On Thu, Mar 21, 2013 at 12:58 AM, Tom Lane <tgl(at)sss(dot)pgh(dot)pa(dot)us> wrote:

> I had been on the fence about what to do here, but I find Josh's
> arguments persuasive, particularly the second one. Why shouldn't we
> consider an in-progress index to be an uncommitted DDL change?
>
> (Now admittedly, there won't *be* any uncommitted ordinary DDL on tables
> while pg_dump is running, because it takes AccessShareLock on all
> tables. But there could easily be uncommitted DDL against other types
> of database objects, which pg_dump won't even see.)
>
+1. Playing it safe is a better thing to do for sure, especially if a
restore would
fail. I didn't think about that first...

On top of checking indisvalid, I think that some additional checks on
indislive
and indisready are also necessary. As indisready has been introduced in 8.3
and
indislive has been added in 9.3, the attached patch is good I think.
I also added a note in the documentation about invalid indexes not being
dumped.
Perhaps this patch should be backpatched to previous versions in order to
have
the same consistent behavior.

Regards,
--
Michael

Attachment Content-Type Size
20130321_no_dump_indisvalid.patch application/octet-stream 4.2 KB

From: Tom Lane <tgl(at)sss(dot)pgh(dot)pa(dot)us>
To: Michael Paquier <michael(dot)paquier(at)gmail(dot)com>
Cc: Josh Kupershmidt <schmiddy(at)gmail(dot)com>, Simon Riggs <simon(at)2ndquadrant(dot)com>, PostgreSQL mailing lists <pgsql-hackers(at)postgresql(dot)org>
Subject: Re: Ignore invalid indexes in pg_dump
Date: 2013-03-26 21:47:30
Message-ID: 21002.1364334450@sss.pgh.pa.us
Views: Raw Message | Whole Thread | Download mbox | Resend email
Lists: pgsql-hackers

Michael Paquier <michael(dot)paquier(at)gmail(dot)com> writes:
> On top of checking indisvalid, I think that some additional checks on
> indislive and indisready are also necessary.

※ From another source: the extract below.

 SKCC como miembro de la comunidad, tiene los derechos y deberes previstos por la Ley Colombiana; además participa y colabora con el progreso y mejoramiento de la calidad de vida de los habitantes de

Those are not necessary, as an index that is marked indisvalid should
certainly also have those flags set. If it didn't require making two
new version distinctions in getIndexes(), I'd be okay with the extra
checks; but as-is I think the maintenance pain this would add greatly
outweighs any likely value.

I've committed this in the simpler form that just adds indisvalid
checks to the appropriate version cases.

regards, tom lane


From: Michael Paquier <michael(dot)paquier(at)gmail(dot)com>
To: Tom Lane <tgl(at)sss(dot)pgh(dot)pa(dot)us>
Cc: Josh Kupershmidt <schmiddy(at)gmail(dot)com>, Simon Riggs <simon(at)2ndquadrant(dot)com>, PostgreSQL mailing lists <pgsql-hackers(at)postgresql(dot)org>
Subject: Re: Ignore invalid indexes in pg_dump
Date: 2013-03-26 23:19:22
Message-ID: CAB7nPqTn660ArfDjpRpzhdoKdJke=+sZKJmUw8bQ6VKMdDheBg@mail.gmail.com
Views: Raw Message | Whole Thread | Download mbox | Resend email
Lists: pgsql-hackers

On Wed, Mar 27, 2013 at 6:47 AM, Tom Lane <tgl(at)sss(dot)pgh(dot)pa(dot)us> wrote:

> Michael Paquier <michael(dot)paquier(at)gmail(dot)com> writes:
> > On top of checking indisvalid, I think that some additional checks on
> > indislive and indisready are also necessary.
>
> Those are not necessary, as an index that is marked indisvalid should
> certainly also have those flags set. If it didn't require making two
> new version distinctions in getIndexes(), I'd be okay with the extra
> checks; but as-is I think the maintenance pain this would add greatly
> outweighs any likely value.
>
> I've committed this in the simpler form that just adds indisvalid
> checks to the appropriate version cases.
>
Thanks.
--
Michael